The Woman, Life, Freedom demonstrations that followed Amini’s death the year before had not only raised awareness amongst Danes, but galvanised the Iranian community and forged connections between Danes and Iranians in Copenhagen.

“I’ve met a lot of Iranians who said they hadn’t met other Iranians in Denmark until Woman, Life Freedom. Because of that movement, they gathered together and got to know each other. We also get a lot of support from the Danish community. All of that has given us momentum,” says Kurrani.

A Woman, Life, Freedom march in Copenhagen, October 2022. Photo: Lena Hunter

“Iranians get the job done”
And the 7th Wave collection exerted its own snowball-effect of unification amongst Persians in Copenhagen. 

To start with, everyone on the production team was Iranian. “It made sense to pick Iranians – they get the job done,” Kurrani says, grinning.

But they did more than just get the job done; they drew the attention of the Danish media DR, who included Kurrani and 7th Wave in the documentary Iran i Hjertet (Iran in my Heart), released in September 2023 to mark the anniversary of Amini’s death.

The film – which platforms four young Iranian creatives in Copenhagen active in the women’s freedom movement – became a crucial channel for Woman, Life, Freedom to reach a mainstream Danish audience, and turned Kurrani into a beacon of activism in Copenhagen’s fashion scene.

A new flavour of design in Denmark
It would be wide of the mark to describe KARO KURRANI as an Iranian brand, however. 

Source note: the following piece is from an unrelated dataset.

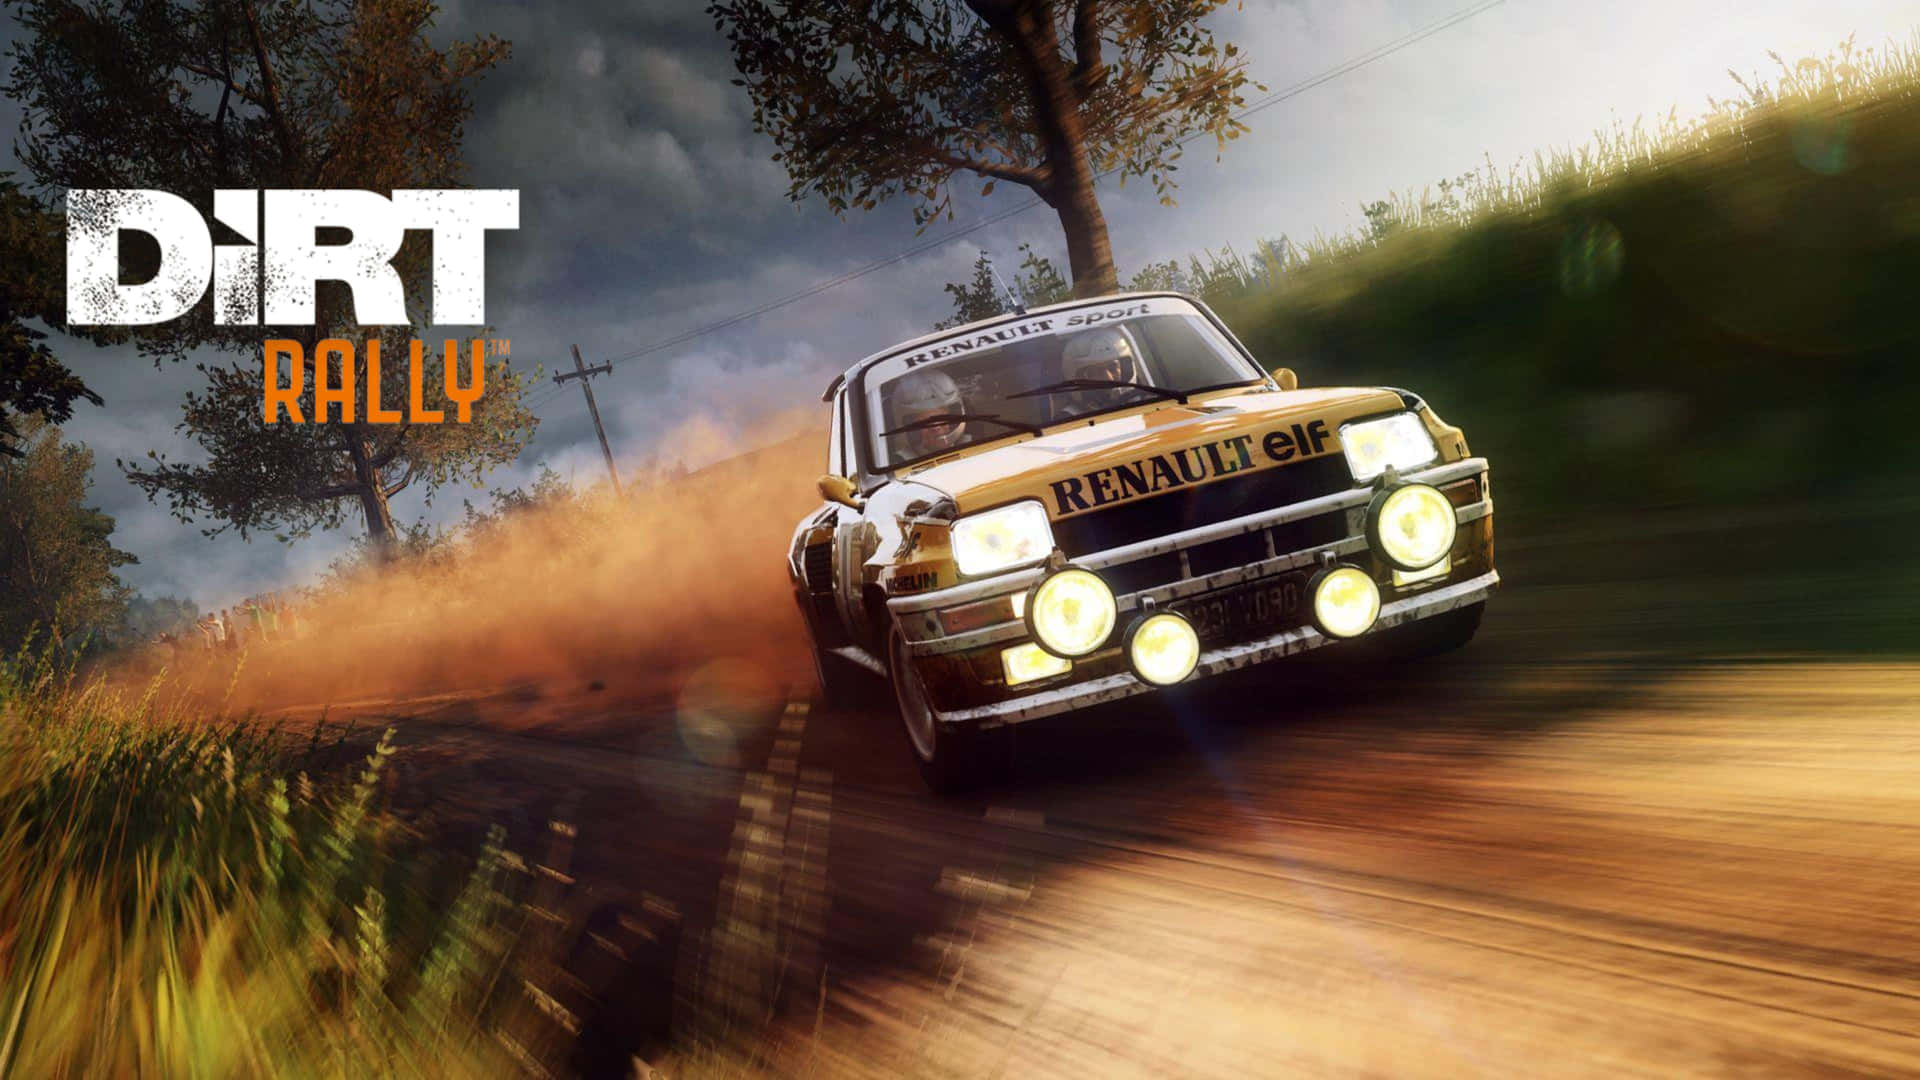 Velocidady Emoción - Siente La Adrenalina De Dirt Rally En 4k.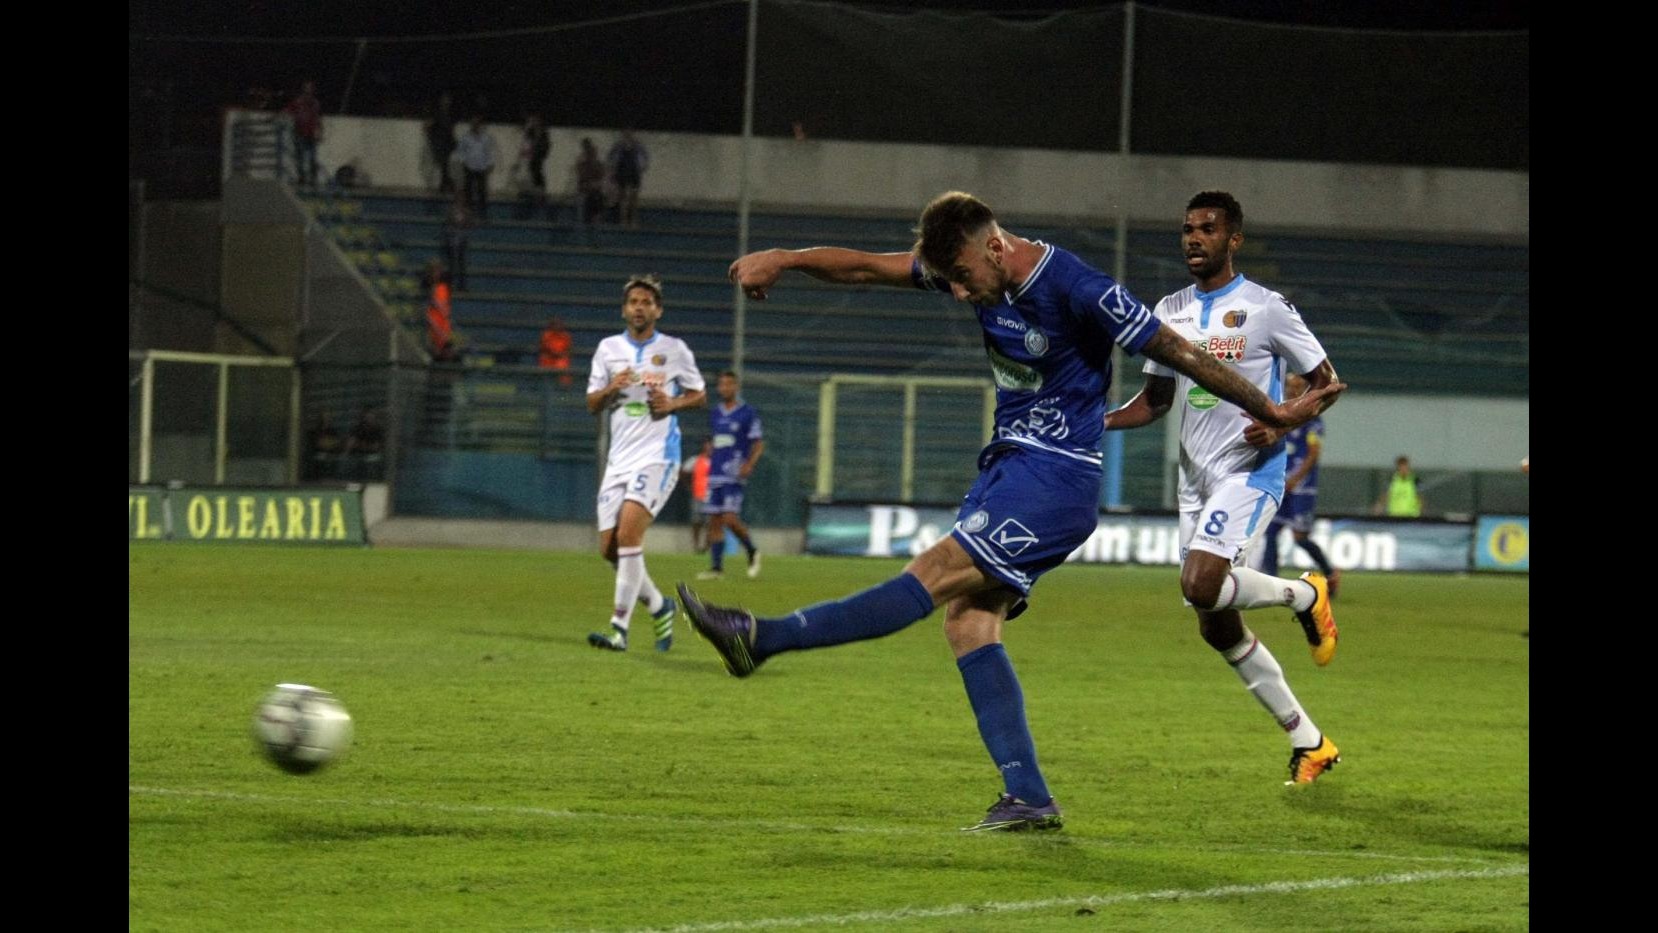 Lega Pro, Fidels Andria-Catania finisce 0-0

The label is deeply influenced by Kurrani’s arts schooling at VIA Designskole in Herning, as well as his studies in computer technology and pilot training in Roskilde. Meanwhile, it draws liberally on references from philosophy, the global digital age, and Danish social conditions.

From the lookbook: KARO KURRANI takes inspiration from Scandinavian design

In 2018, he was one of 25 chosen for the DESIGNER’S NEST Award, which recognises emerging Scandinavian design talent, and Kurrani calls the various cultures and countries he reflects in his work ‘influences for life’.

“I’m based in Copenhagen and I like Scandinavian design. It’s minimal, simple, functional and useful. I just thought ‘I’ll put a little curry into it.’”

While it’s still early-stage, his next capsule will explore the idea of integration and immigration – a subject that attracts lively debate in Denmark. Perhaps Kurrani’s will be the first fashion-based commentary on the matter.

“I’m going to get a birds eye view of the topic to get perspective on it. I’m not holding myself to any particular side of the argument,” he says.

“I’m open to whatever I observe. I always think about people and I always stay true to my values of empathy and courage. That’s the most important thing for me.”